Prinzipiell sind aber alle Filme fürs Kino gemacht, denn Film an sich ist ja ein Medium des Raums.

Allerdings ist mir etwas Seltsames aufgefallen: Die Größe der Leinwand beeinflusst tatsächlich nur in seltenen Fällen meinen Langzeiteindruck eines Films. Viele meiner Lieblingsfilme habe ich auf kleinen Bildschirmen gesehen und sie haben trotzdem überzeugt. Es gab sogar Fälle, in denen erst die zweite Sichtung zu Hause mich vollkommen für einen Film einnahm (was nichts mit der Größe des Bildschirms zu tun hat, aber diese war eben nicht entscheidend). Wenn ich die Wahl habe, nehme ich aber natürlich schon lieber das größere Bild, weil die Filmbilder so zu vollerer Pracht gelangen und man weniger von der Umgebung abgelenkt ist. Der Moment des Filmsehens, die Filmerfahrung wird dadurch intensiviert, verbessert, aber eben nicht die Weise, wie der Film in meinem Kopf überdauert. So scheint es zumindest. Und ja, ich mag 3D, wenn es gut gemacht ist, wenn es völlig in diesen anderen Raum absorbiert, wie das etwa bei Cave of Forgotten Dreams, Prometheus und Life of Pi der Fall war (wobei diese Raumerfahrung sie leider nicht zwangsläufig zu inhaltlich überzeugenden Filmen macht). Es gibt Filme, die erst durch 3D vollständig werden. Meist erscheint es aber immer noch eher wie ein Gimmick.

Übrigens sitze ich im Kino immer so im ersten Drittel, also in der vierten oder fünften Reihe. Nicht nur, dass man da meist seine Ruhe hat, wenn man vor allen anderen sitzt, man ist auch viel näher und unmittelbarer am Geschehen, ein bisschen umgeben vom Film. Es muss natürlich noch ein bequemer Blickwinkel sein, aber weiter hinten zu sitzen ist für mich nicht mehr richtiges Kino.

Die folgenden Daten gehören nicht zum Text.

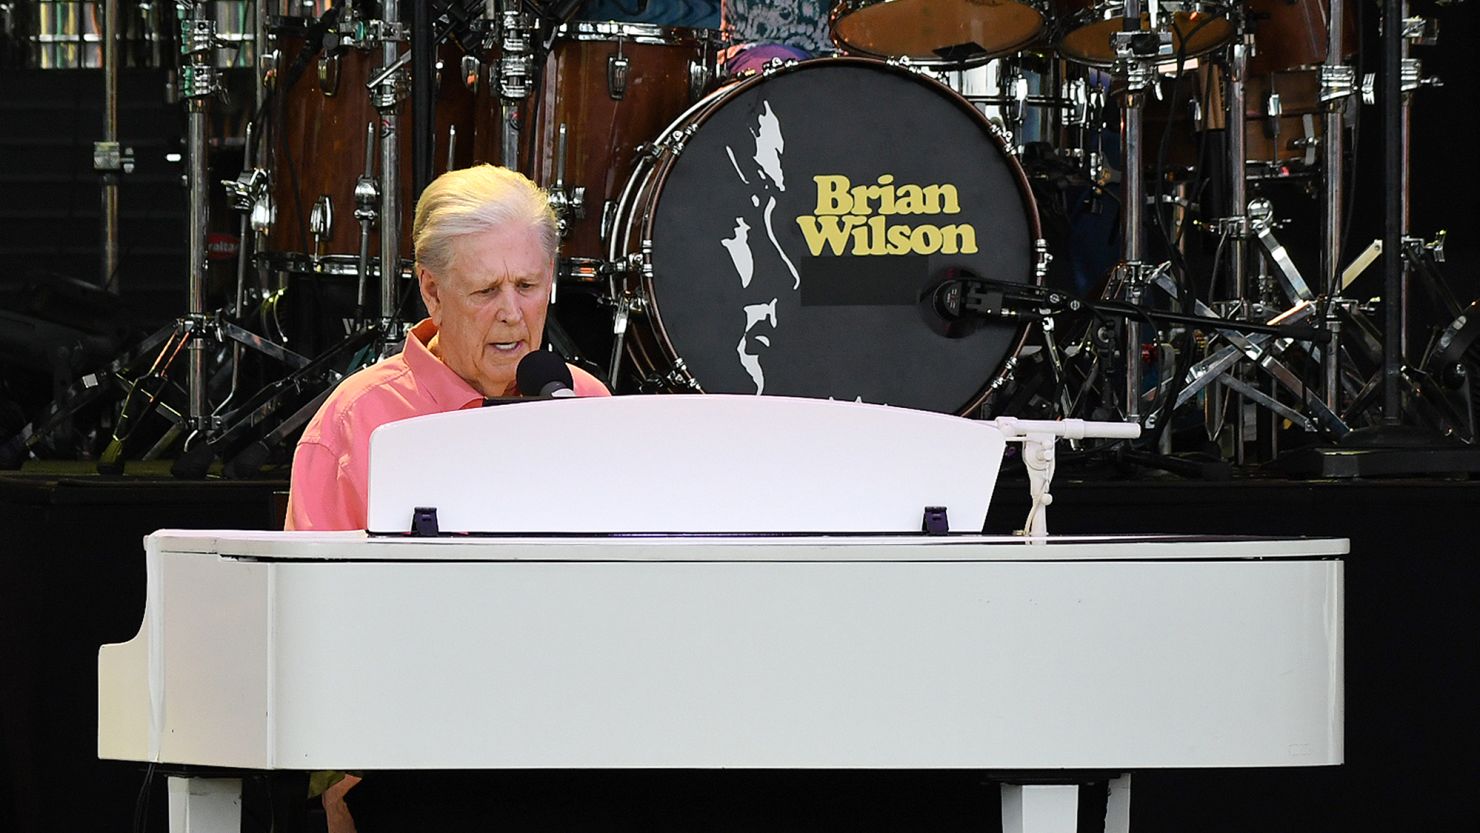 Musician Brian Wilson, seen here performing in June 2022, has been placed under conservatorship following a court ruling.
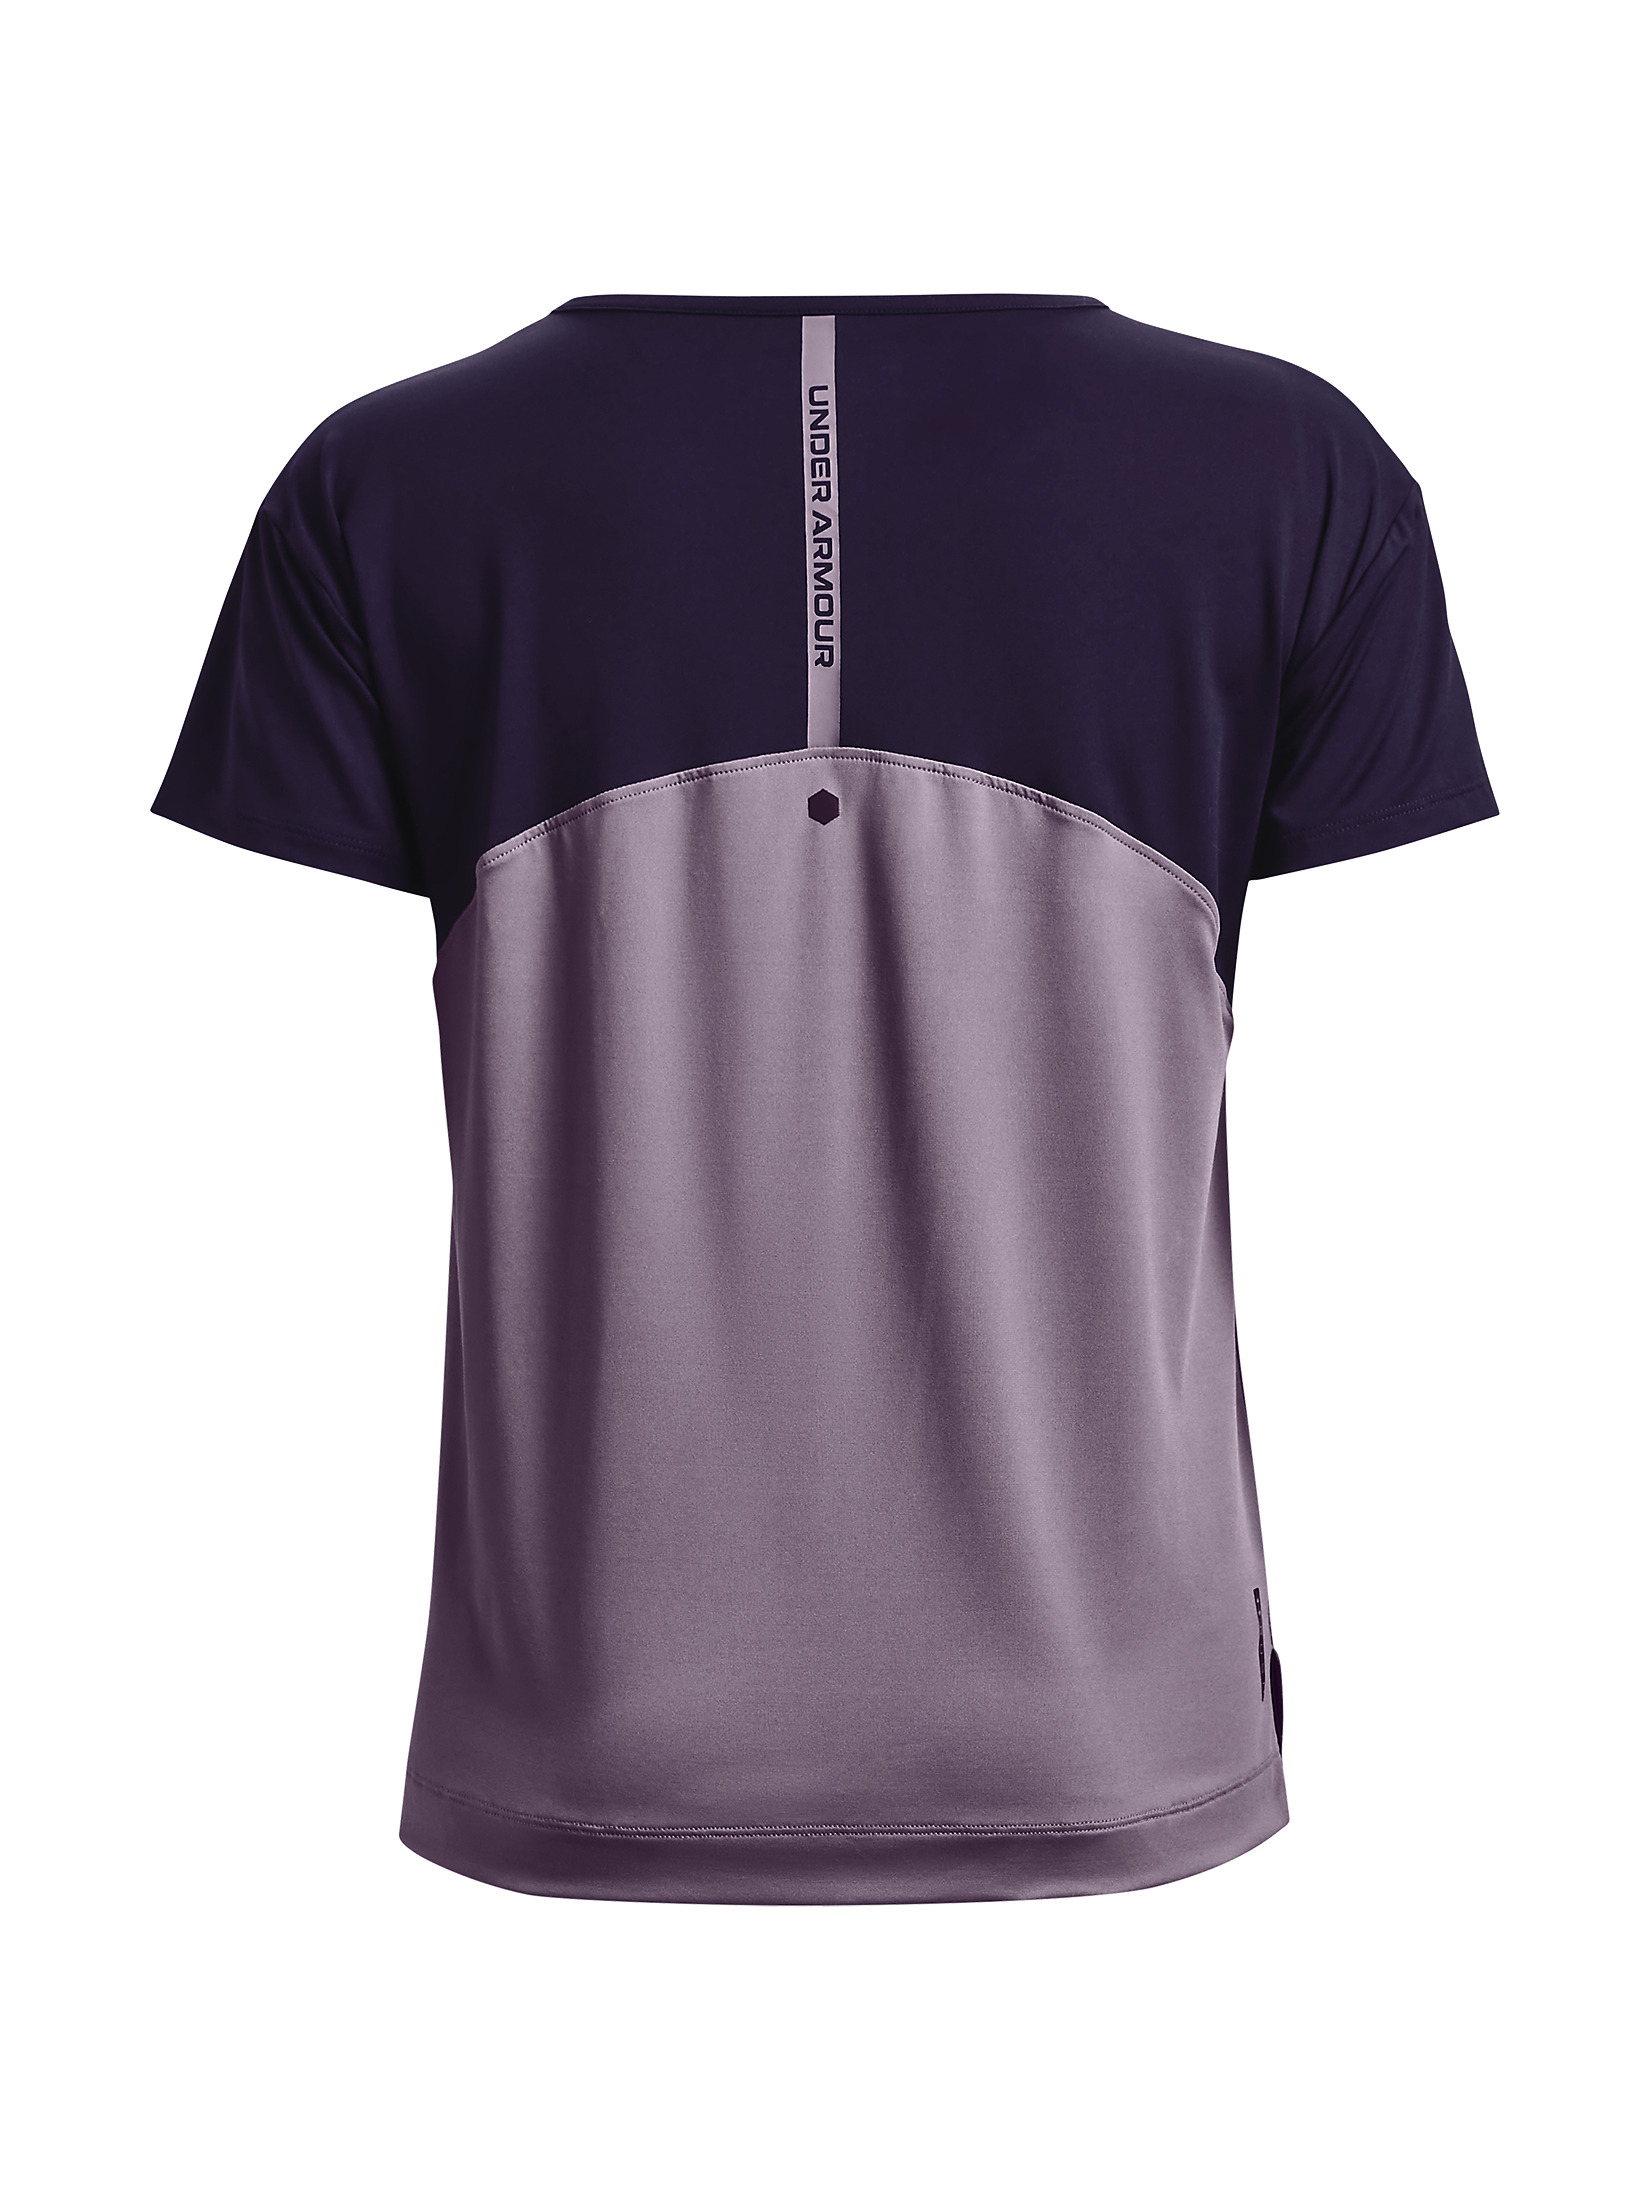 - CONTRAER - Funktionsshirt RUSH in Lila, Aubergine

Frankenweenie (Tim Burton, 2012)

Frankenweenie1Frankenweenie ist alles, was ich mir von Tim Burton wünsche. Endlich hatte ich mal wieder dieses heimelige Gefühl, das seine frühen Filme bei mir auslösen, endlich hatte ich wieder den Eindruck, in seinem Kopf herumzuwandern. Das liegt aber vor allem daran, dass hier im Prinzip alle wichtigen Themen, Figuren, Orte zusammengetragen werden, die seine Filme prägten. So ist der Film ein bisschen wie ein Best-of, wodurch man als Burton-Kenner einen Riesenspaß hat, sich zu überlegen, an welches frühere Werk verschiedene Elemente erinnern: das Aussehen der Figuren generell natürlich an Corpse Bride, das Städtchen und die Thematik des geächteten Zum-Leben-Erweckten an Edward Scissorhands, der einsame Junge, der lieber in seiner Fantasie und mit seinen Experimenten lebt als in der Welt dort draußen, an Vincent, der Friedhof und einige Kreaturen an The Nightmare before Christmas, das Nachbarsmädchen Elsa an Beetlejuice, das Mädchen mit der Katze eindeutig an Staring Girl aus The Melancholy Death of Oyster Boy and Other Stories, der fette Junge an Charlie and the Chocolate Factory und die Sonderlinge und das Wandeln zwischen Leben und Tod an so ziemlich alles, was er je gemacht hat (usw.). Und sein Faible für B-Monster-Movies kann er auch gebührend ausleben. Da der Film sich außerdem in seinen Eckpunkten ganz an den ersten Frankenweenie hält, gibt es nicht allzu viele Überraschungen und insgesamt wenig Originalität. Aber da hier alles auf so wunderschöne Weise vereint ist, was an Tim Burton liebenswert ist, und zwar endlich wieder mit Freude am Detail und Überschwang, mit einer spürbar persönlichen Note, geht einem trotzdem das Herz auf. Und ich muss zugeben: Dieses Sparky-Hündchen hat mitten hineingetroffen in meinen Niedlichkeitsnerv. Wie er rennt! Und die Tropfennase! So süß!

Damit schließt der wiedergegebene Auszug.